Optimizing outcomes and personalizing care with targeted agents in advanced cholangiocarcinoma

Abstract

Traditional chemotherapy and immunotherapy-based systemic treatments for locally advanced or metastatic cholangiocarcinoma have been associated with poor clinical outcomes driven partly by molecular heterogeneity promoting early treatment resistance and a higher toxicity profile associated with these regimens. Few patients are eligible for upfront surgical resection and clinical studies have been traditionally difficult to conduct due to the orphan nature of this disease. However, increasing use of genomic profiling in clinical practice have led to active investigations of aberrant albeit promising mechanistic therapeutic targets such as IDH-1, FGFRs, BRAF^V600E, HER-2 and NTRK.

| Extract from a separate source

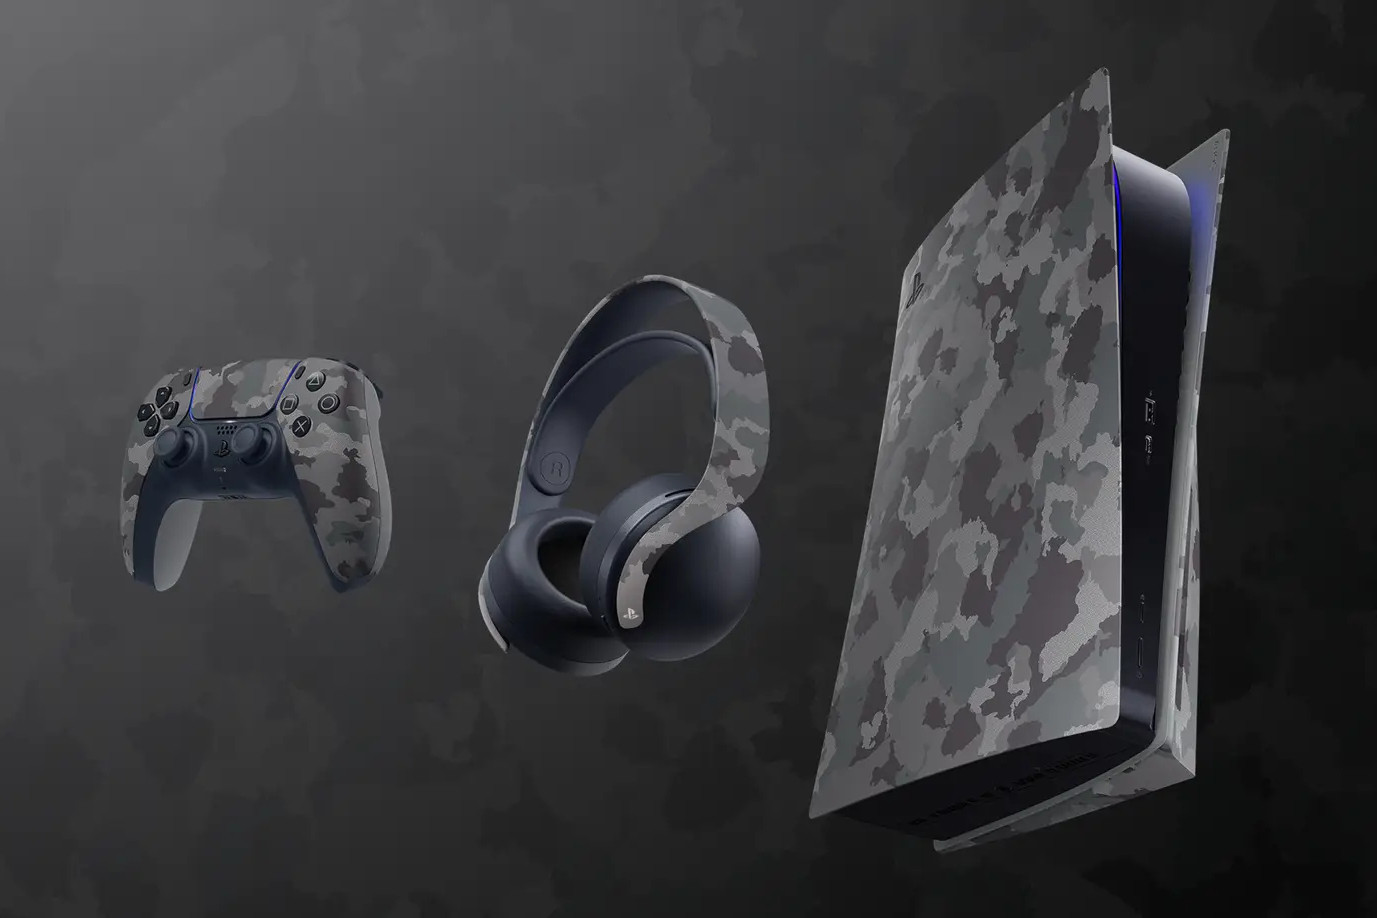 ps5-collection-gray-camouflage
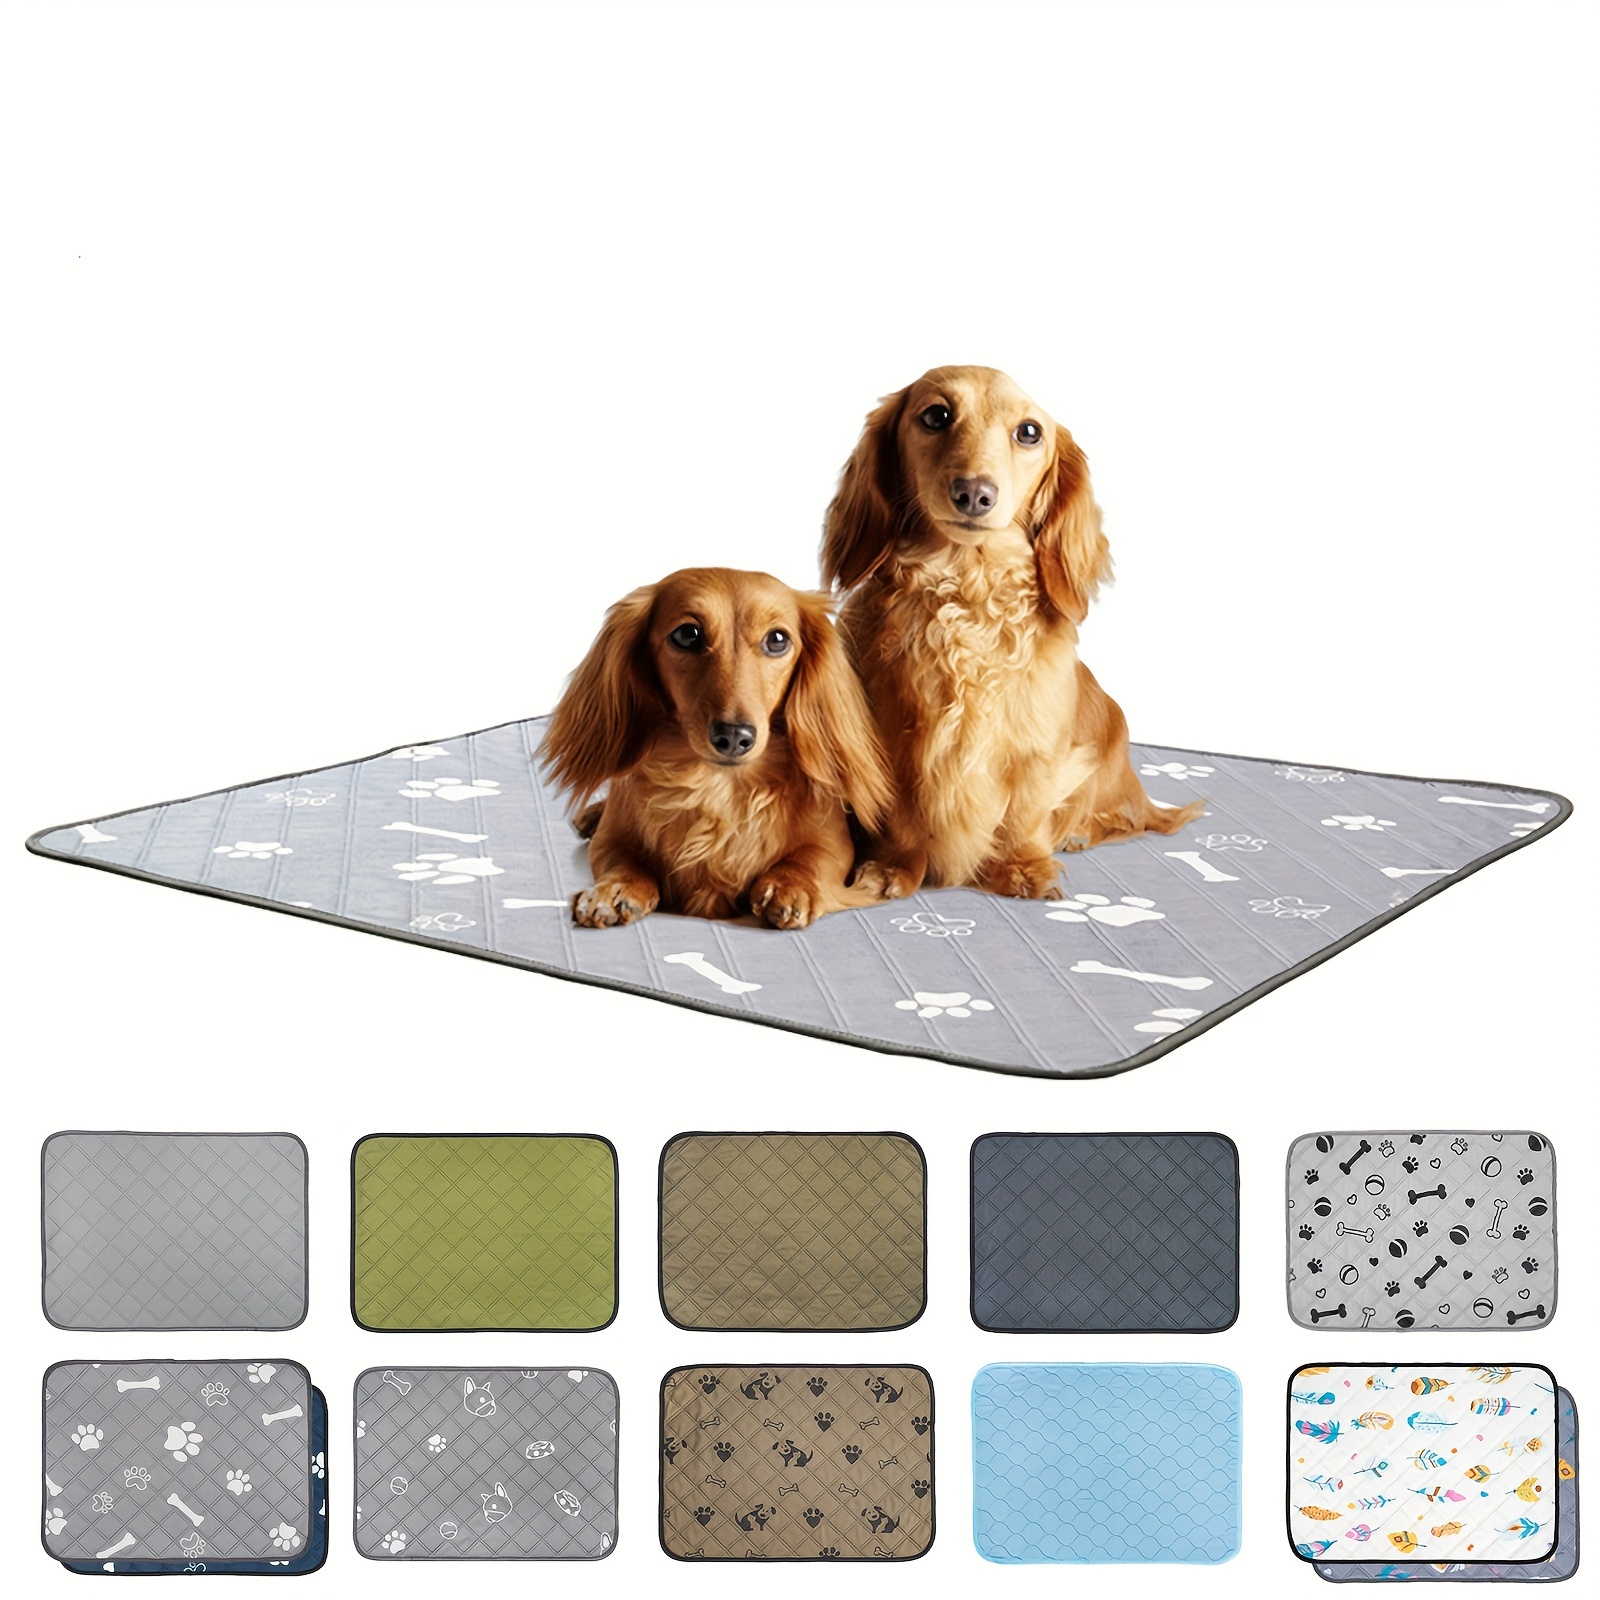 Washable Pee Pads for Dogs | Reusable Puppy Pads Pet Training Pads |  Reusable Pee Pads for Dogs | Washable Dog Training Pads, Washable Potty  Pads

This review article aims to highlight the complex genomic landscape of this difficult-to-treat disease, followed by a discussion of evidence-based biological mechanisms that can be actioned using targeted agents. We explore the clinical rationale behind a targeted therapeutic strategy, the role of liquid biopsies in guiding clinical decisions and future treatment pathways for cholangiocarcinoma management. We also discuss the challenges and opportunities originating from recent clinical trials evaluating targeted treatments and our own institutional experience at UCLH that have aimed to address some of these biological complexities and have translated into improved patient outcomes via effective molecularly driven patient selection strategies. We also provide perspectives on emerging novel, next generation targeted inhibitors overcoming treatment resistance to previous targeted agents with demonstrated clinical value in a challenging patient population.